Сон и сон, мало ли что кому снится, но все же он был зачем-то записан и включен в знаменитое эссе, а потому стал литературным фактом, нуждающимся в понимании.
В позднесоветской России были люди, взявшие на себя функции посредников между (широко понимаемым) Серебряным веком, высоким модернизмом, а через него и всей «мировой культурой», с одной стороны, и жадным до нее, до этой культуры, симпатичным молодым варварством – с другой. Как правило, не «писатели» по официальному роду занятий (полноценный писательский статус почти автоматически, за редчайшим исключением, означал ту или иную степень органического перерождения), а переводчики или литературоведы.

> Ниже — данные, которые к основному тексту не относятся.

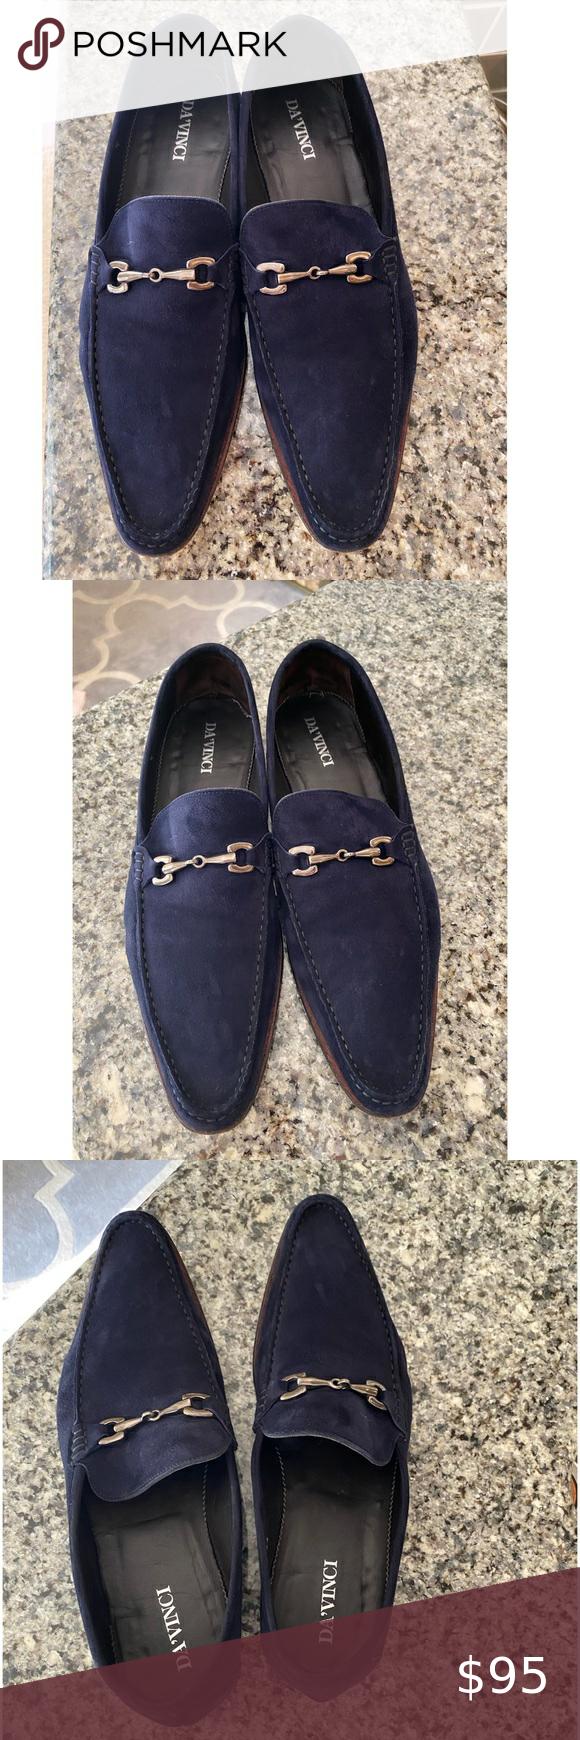 DaVinci Suede-leather loafers dress

Практически всегда – люди из последних поколений (очень широко понимаемого) Серебряного века, то есть, если на то пошло, не до- и не вне-, а раннесоветские, люди не 1910-х, а 1920-х, сверстники не акмеистов и футуристов (не говоря уж о символистах), а конструктивистов и обэриутов. Взявшиеся транслировать в будущее, однако, опыт и ценности не столько своего поколения, сколько предыдущих. Это касалось не только литературы-искусства, но и бытовой эстетики, стиля поведения – особого рода благородной доброжелательной сдержанности, джентльменства родом из 1913-го, а никак не 1929-го, к примеру, года. Я не знал Дмитрия Евгеньевича Максимова (один раз видел), но, кажется, он был человеком именно этого склада.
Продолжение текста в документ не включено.